Kementerian ESDM meyakini skema distribusi tenaga listrik yang diajukan dalam Rancangan Undang-Undang Energi Baru dan Terbarukan (RUU EBET) dapat berdampak positif bagi keberlangsungan bisnis PLN melalui penyewaan jaringan untuk mendistribusikan tenaga listrik dari pembangkit EBT kepada perusahaan yang Membutuhkannya. .
Kebutuhan pasokan listrik bersih semakin meningkat seiring dengan tren pasar yang semakin hanya menampung komoditas yang diproduksi menggunakan listrik EBT, gelombang khusus untuk pasar komoditas Eropa.
Sekretaris Jenderal Kementerian ESDM, Rida Mulyana mengatakan, adanya power wheeling bisa menjadi peluang baru bagi PLN untuk mendapatkan keuntungan dari bisnis EBT melalui sewa jaringan listrik.
Power wheeling adalah mekanisme yang dapat memfasilitasi transfer listrik dari sumber energi terbarukan atau pembangkit swasta ke fasilitas operasi PLN secara langsung. Mekanisme ini menggunakan jaringan transmisi yang dimiliki dan dioperasikan oleh PLN.
“Ini sebenarnya urusan PLN karena mereka menguasai jaringan. Tapi itu menurut kami karena di luar juga ada perspektif lain,” ujar Rida saat ditemui di Kantor Kementerian ESDM, Jumat (4/11).

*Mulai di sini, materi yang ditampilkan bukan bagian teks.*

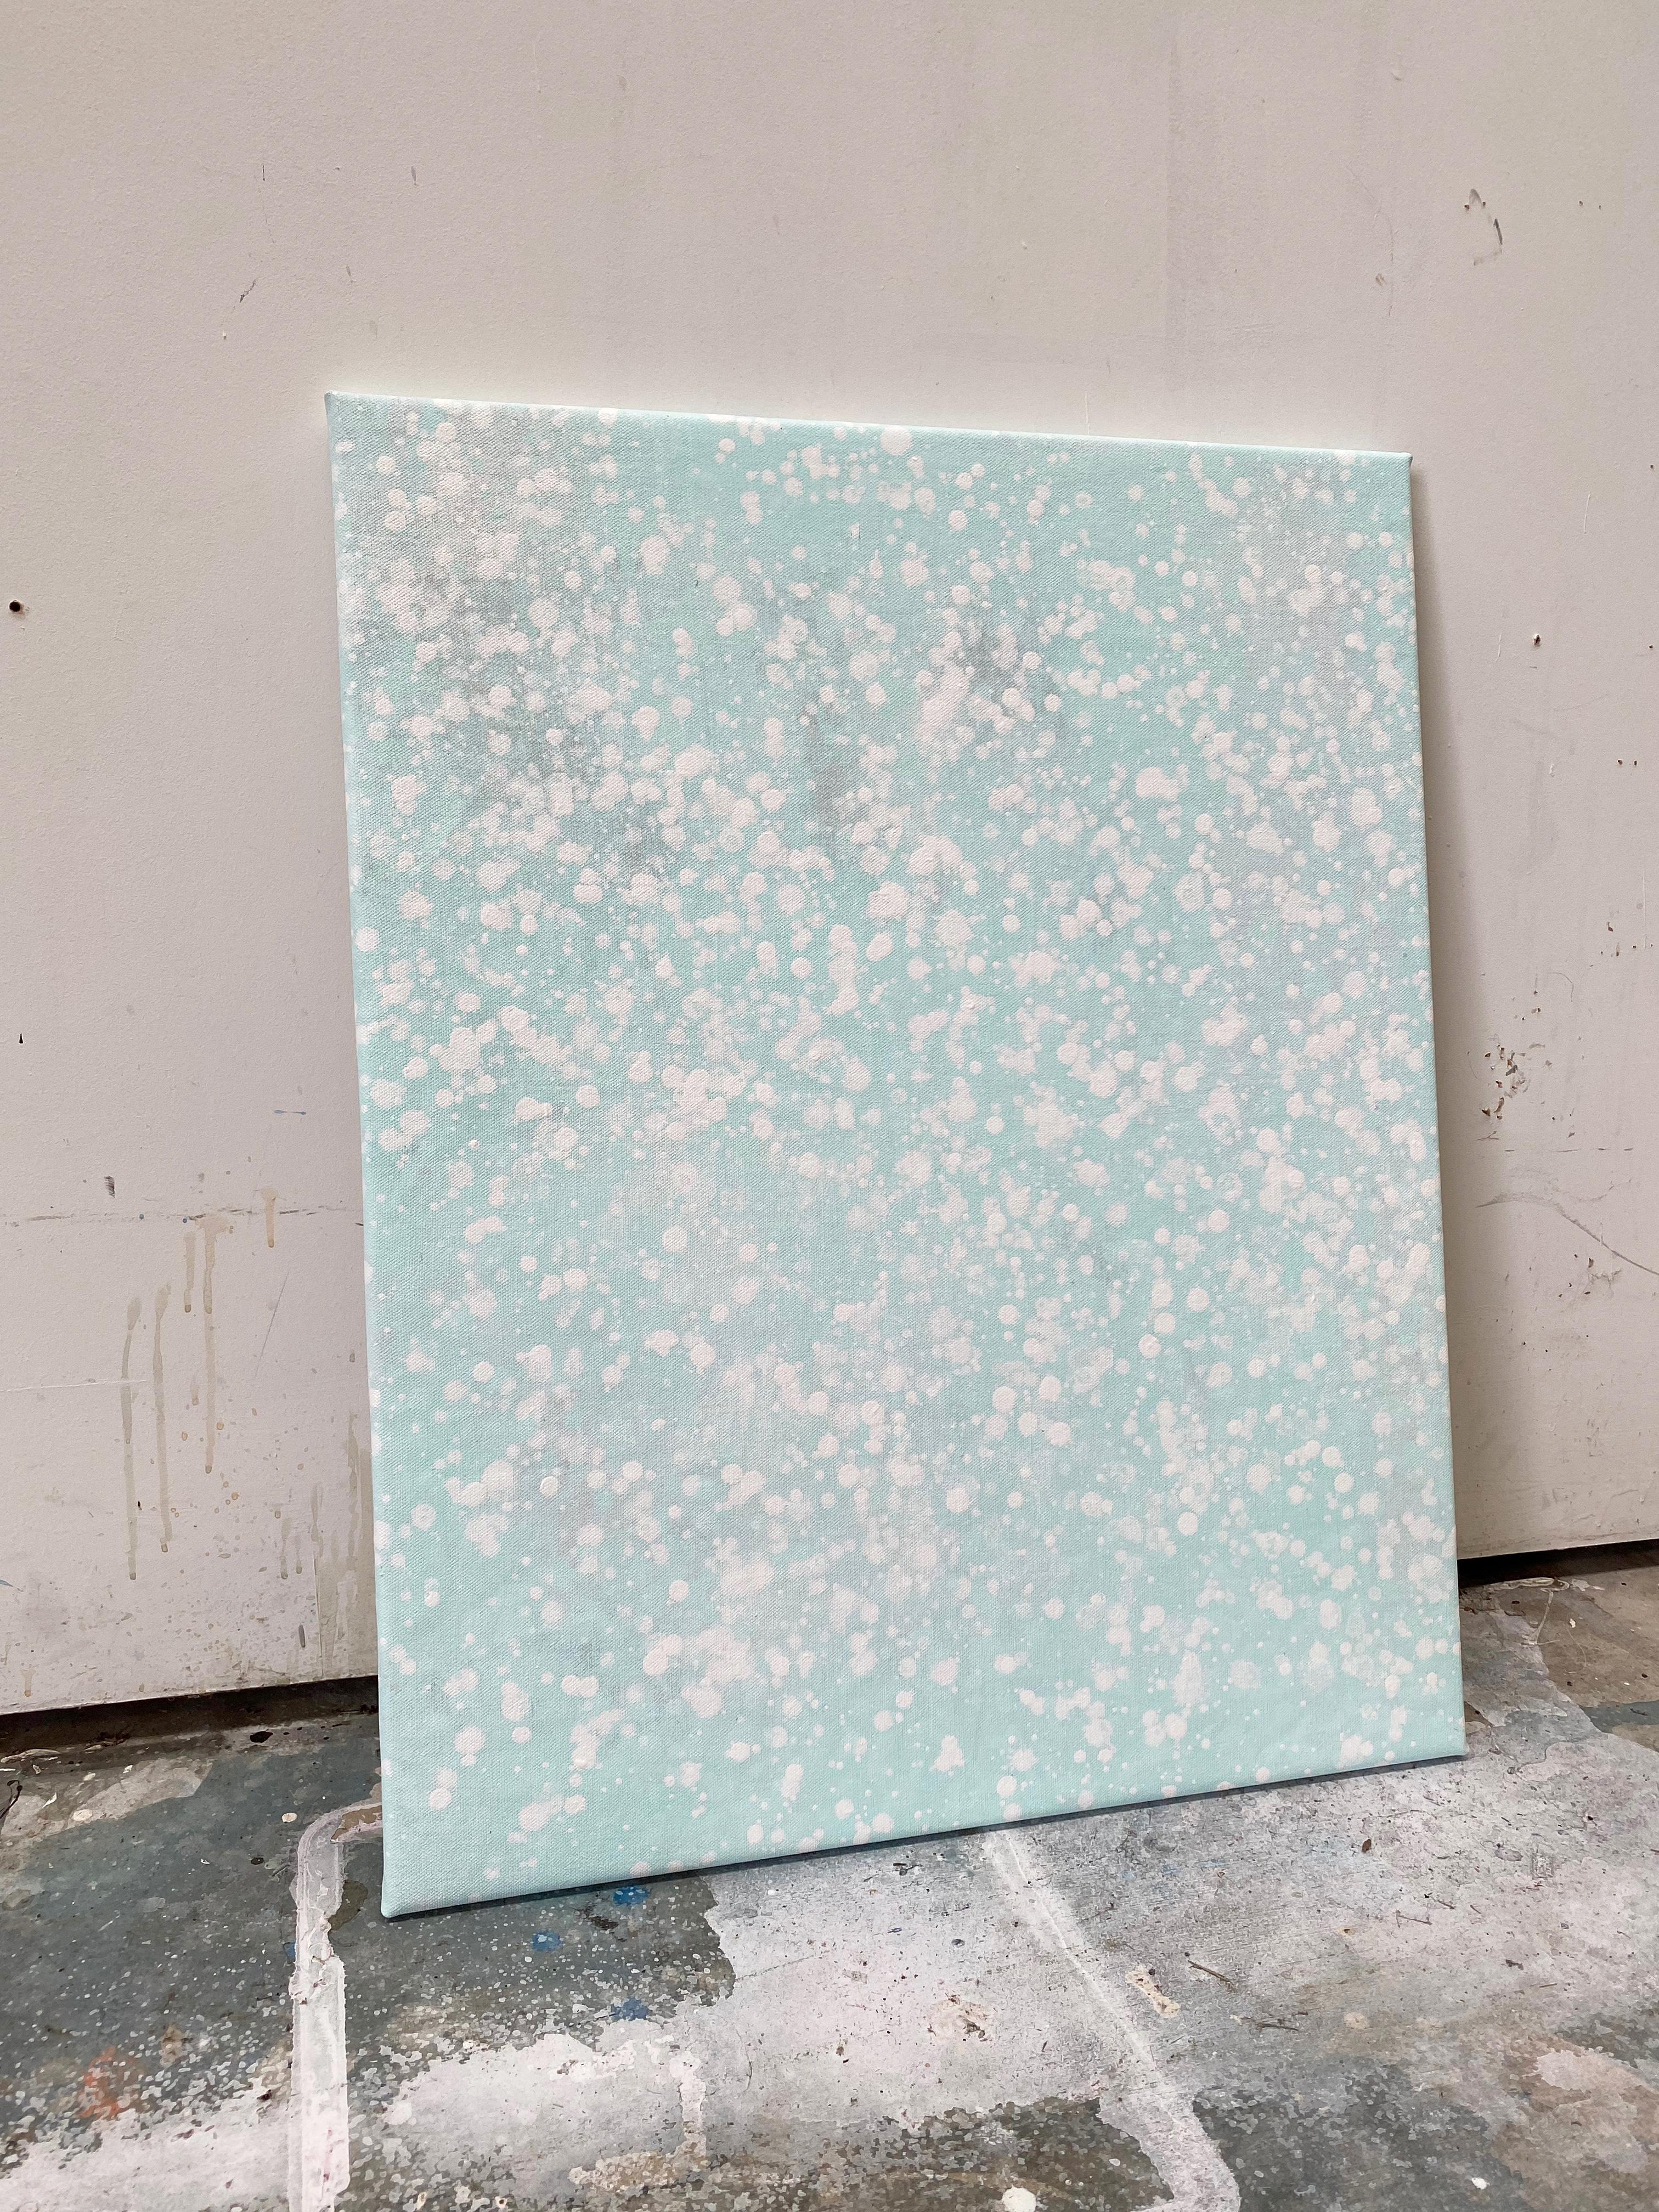 Its snowing pastell mintgrüner Punkt abstraktes expressionistisches Gemälde auf Leinen (Grau), Abstract Painting, von Kathleen Rhee

Lebih lanjut, kata Rida, adanya power wheeling juga berpotensi memberikan dampak berupa peningkatan beban PLN dari biaya pemeliharaan. “Biaya perawatan jelas ada kenaikan, tapi ada fee. Cuma perlu dihitung,” kata Rida.
RUU EBET sebenarnya ditargetkan terbit sebelum KTT G20 di Bali pada November mendatang. Namun, hingga saat ini Kementerian ESDM belum menyerahkan Daftar Inventarisasi (DIM) bermasalah ke DPR.
Hal itu karena masih ada persoalan problematika, yakni terkait skema distribusi listrik. Plt Dirjen Ketenagalistrikan Dadan Kusdiana mengatakan, langkah Kementerian Energi dan Sumber Daya Mineral untuk memasukkan skema distribusi listrik mendapat catatan khusus dari Kementerian Keuangan (Kemenkeu).
“Pemerintah memiliki usulan untuk memasukkan isu power wheeling dalam RUU EBT, saat ini belum mendapat persetujuan pemerintah dari Kementerian Keuangan yang masih melihat kemungkinan ada kerugiannya,” kata Dadan saat ditemui dalam acara tersebut. . Kantor Kementerian Energi dan Sumber Daya Mineral pada Jumat (21/10).
Lebih lanjut, kata Dadan, Kementerian Keuangan menilai penerapan power wheeling tidak sejalan dengan situasi PLN yang saat ini mengalami kelebihan pasokan listrik.
Di sisi lain, Kementerian ESDM menilai, keadaan kelebihan pasokan listrik tidak ada hubungannya dengan penerapan power wheeling. Pasalnya, kelebihan listrik saat ini berasal dari pembangkit-pembangkit yang sudah ada yang didominasi pembangkit berbahan bakar batu bara, sedangkan listrik roda-roda hanya berasal dari sumber energi terbarukan.
“Menurut Kementerian Keuangan kita masih ada kelebihan pasokan listrik, itu dianggap tidak sesuai dengan keadaan saat ini. Walaupun Kementerian ESDM memandang berbeda, bagi kita tidak ada hubungannya dengan kelebihan pasokan dan distribusi listrik. “kata dadan.
Saat ini PLN mengalami surplus listrik yang besar karena penambahan pasokan tidak dibarengi dengan peningkatan konsumsi. Di Jawa tahun depan ada 6.800 megawatt (MW) atau 6,8 gigawatt (GW), sedangkan tambahan kebutuhan hanya 800 MW.
Situasi yang sama juga terjadi di Pulau Sumatera yang akan mengalami peningkatan kapasitas sebesar 5 GW dalam tiga tahun mendatang hingga tahun 2025. Sedangkan penambahan kebutuhan listrik hanya sebesar 1,5 GW. Kejadian serupa juga terjadi di Kalimantan dan Sulawesi bagian selatan.